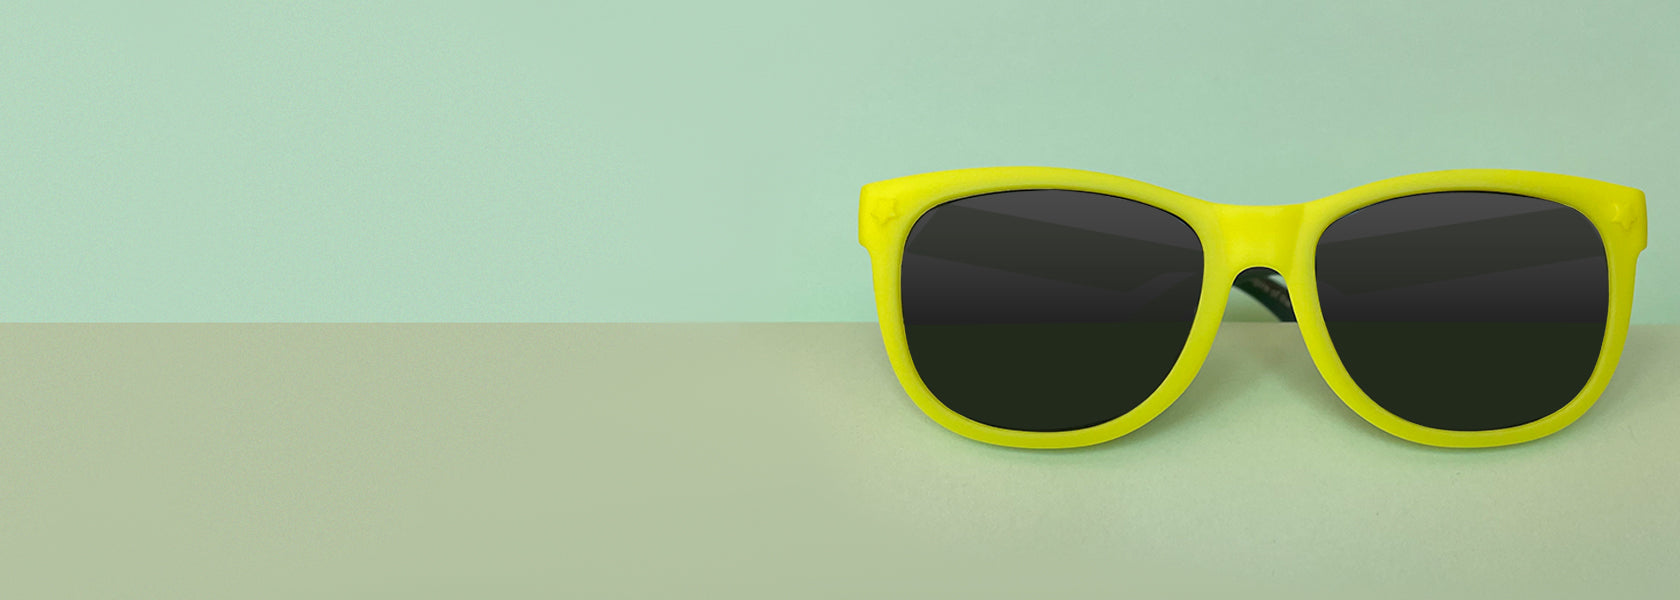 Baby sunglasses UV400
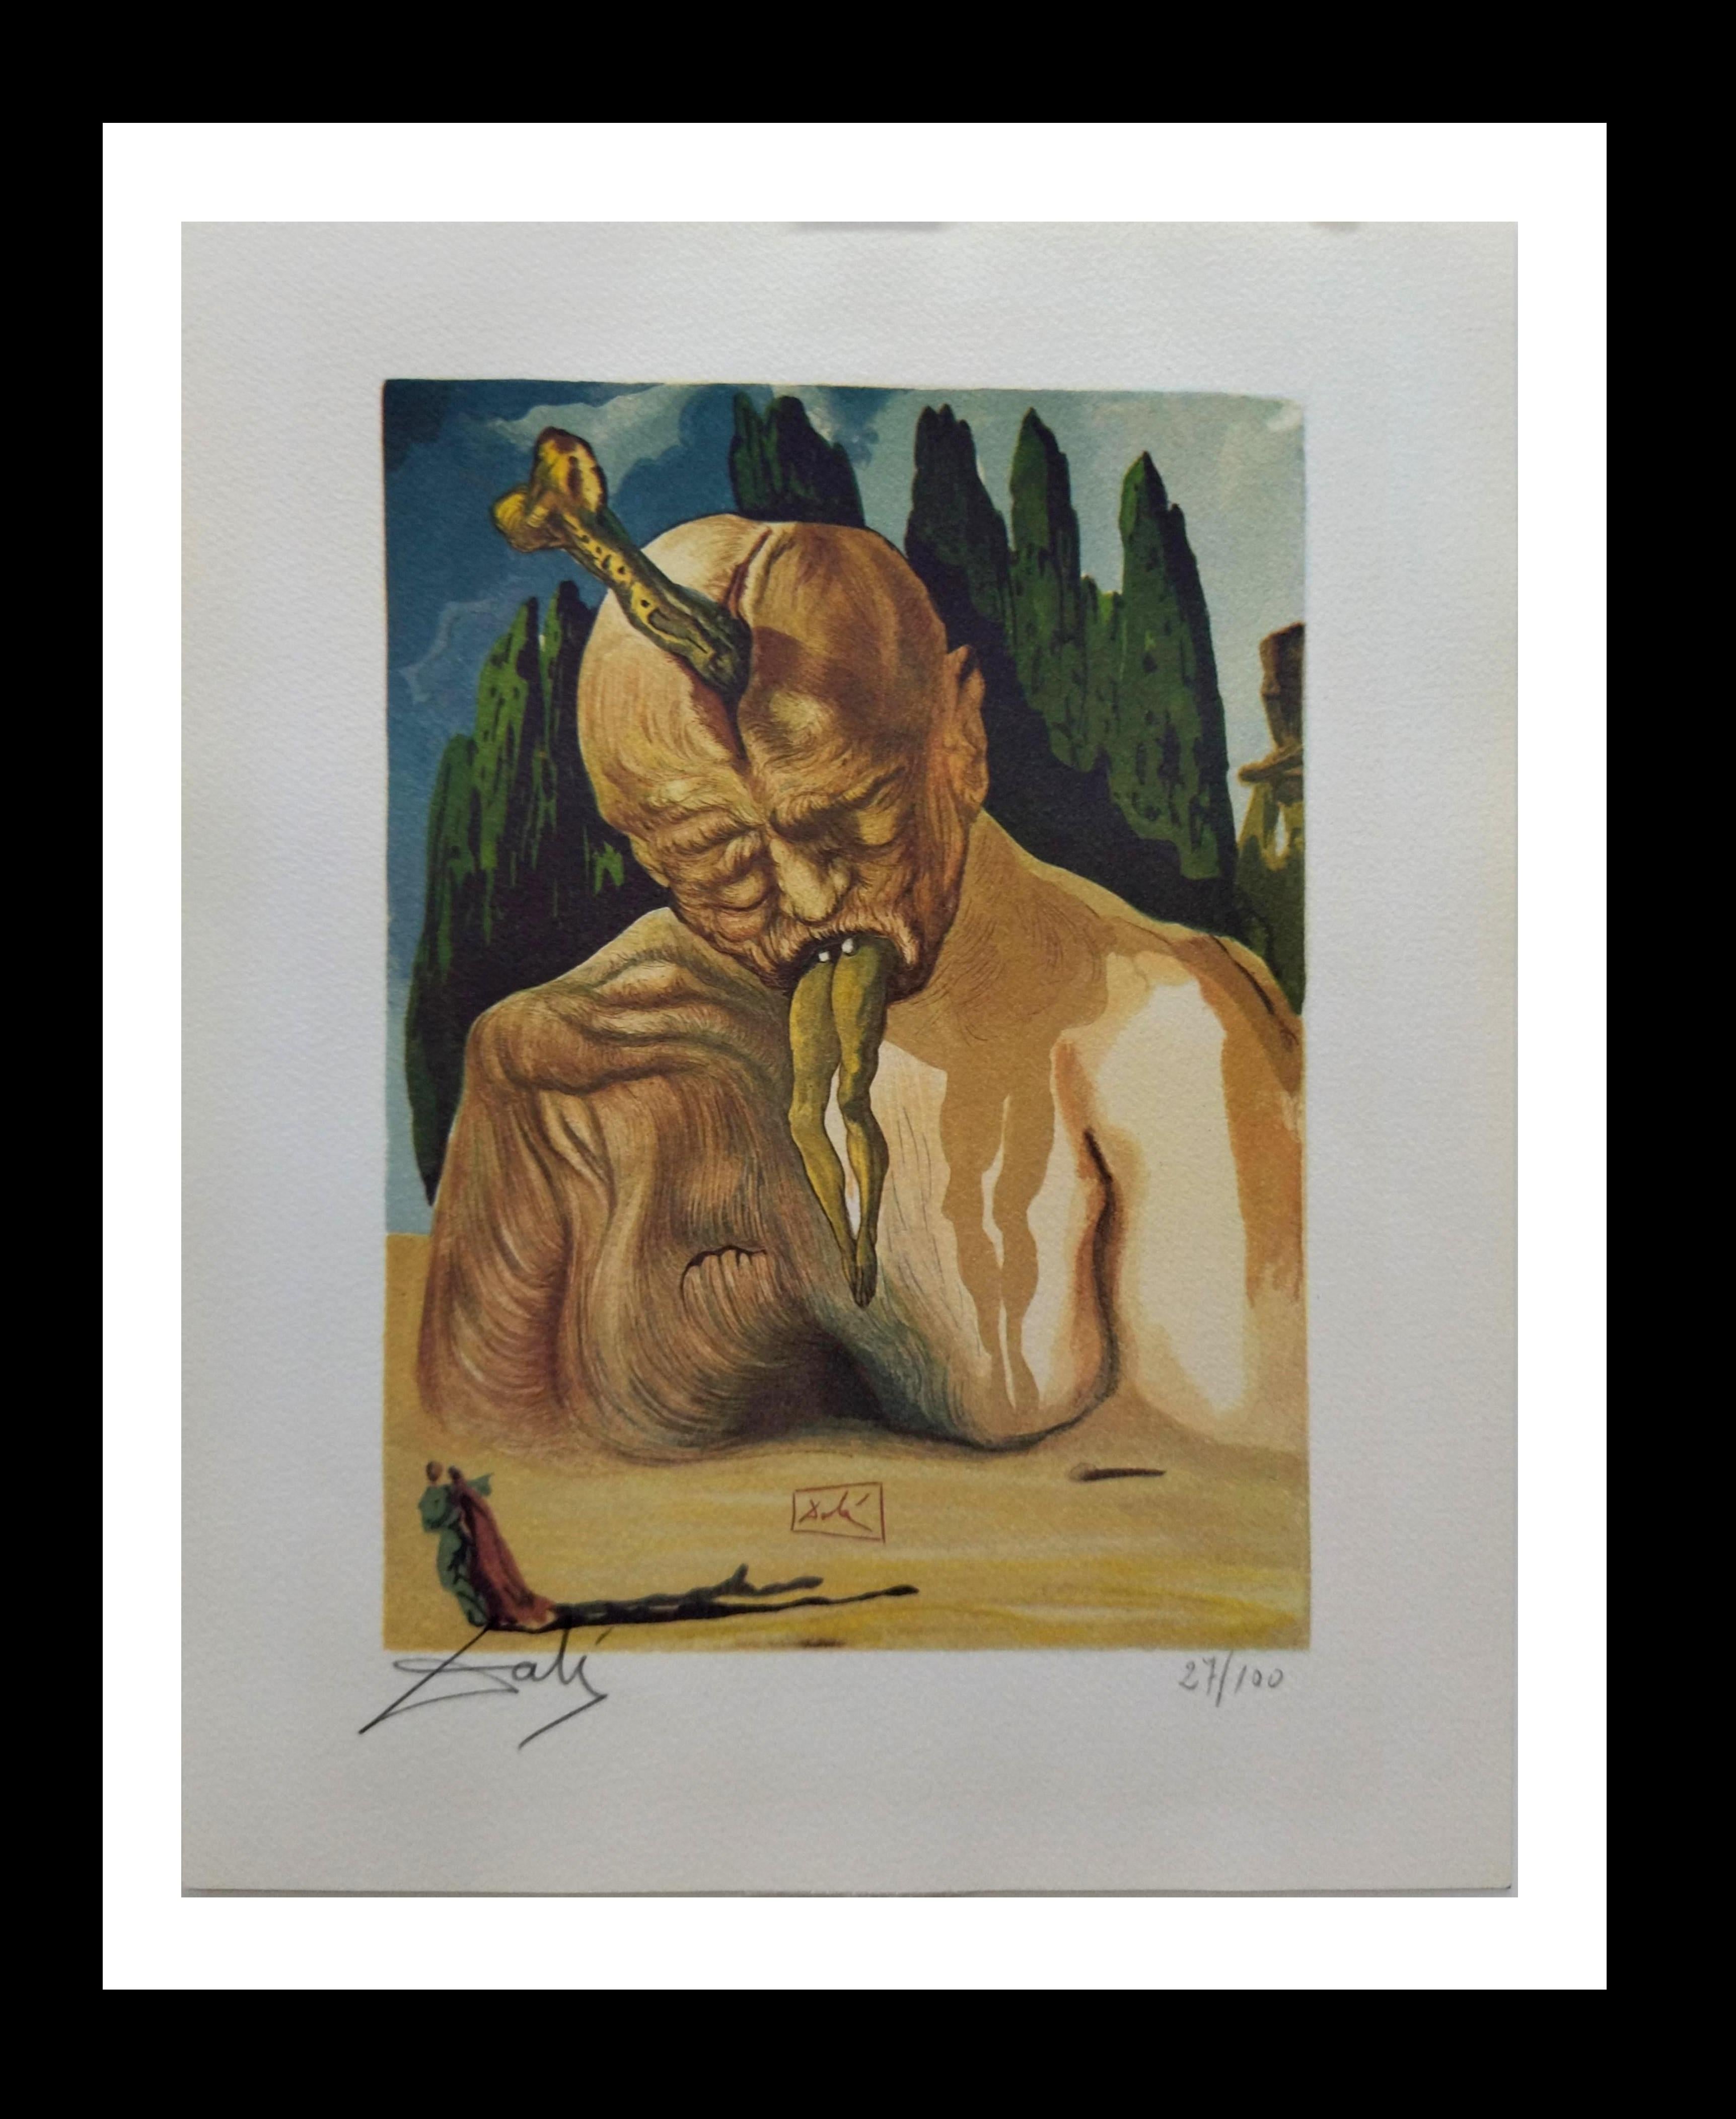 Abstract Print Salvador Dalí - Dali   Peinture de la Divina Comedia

* * *

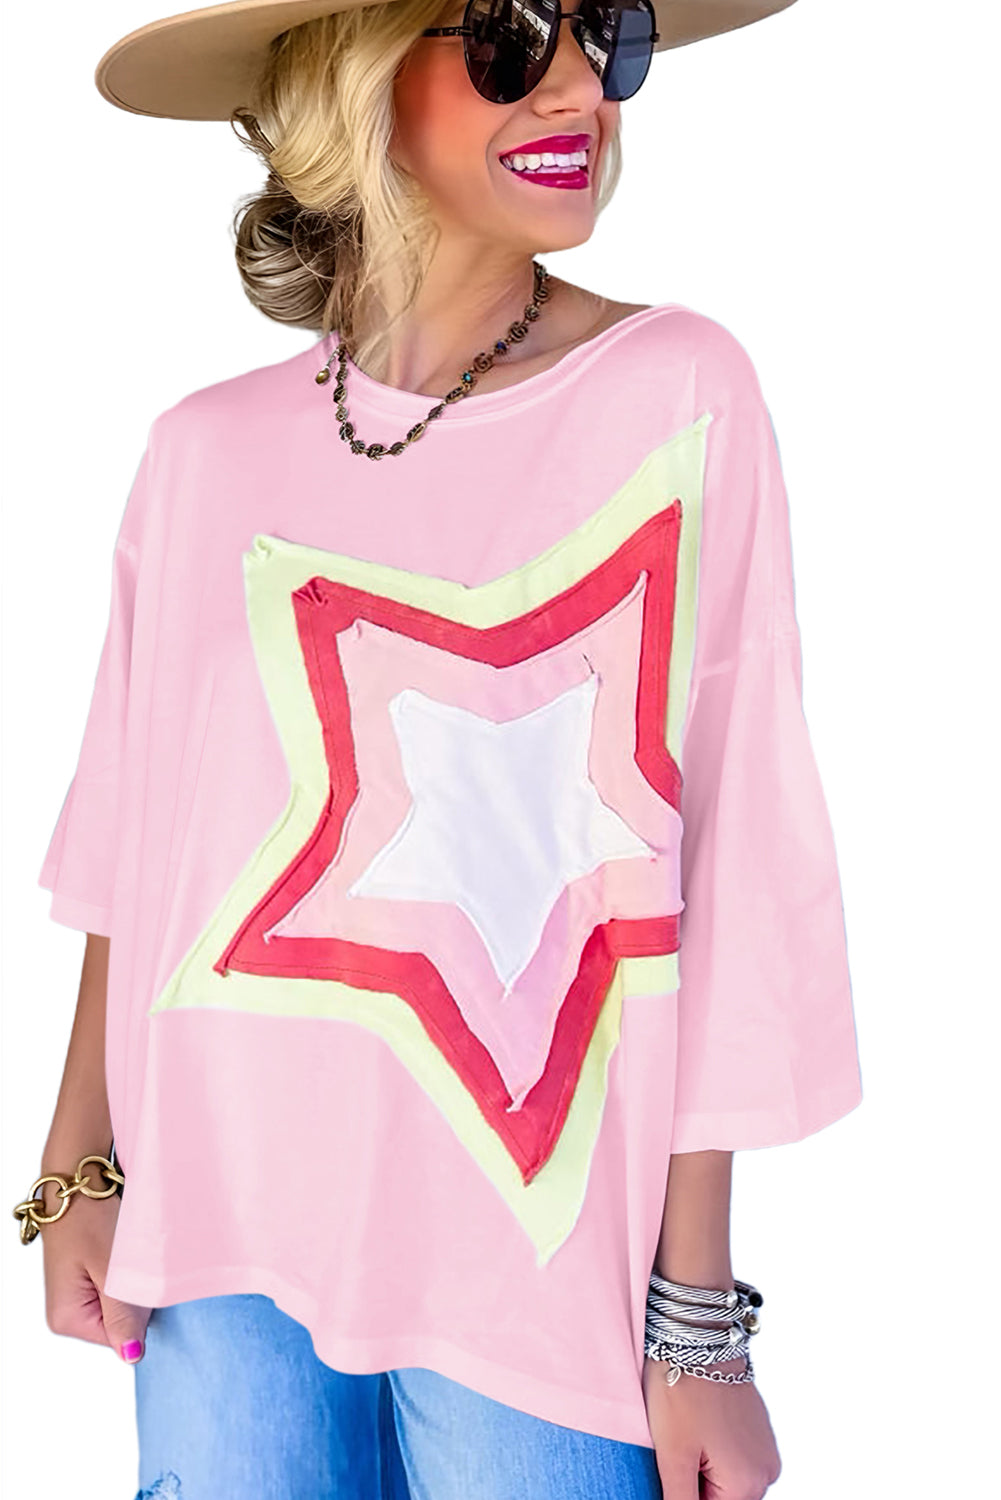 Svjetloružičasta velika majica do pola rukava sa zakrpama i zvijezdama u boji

ACTIVITY » All pictures are to be skipped. Output, word for word, the lines in the data above starting at the line containing "Baby sunglasses UV400" and ending at the line containing "Abstract Print Salvador".

RESPONSE BOX »
 Baby sunglasses UV400
 Abstract Print Salvador Dalí - Dali   Peinture de la Divina Comedia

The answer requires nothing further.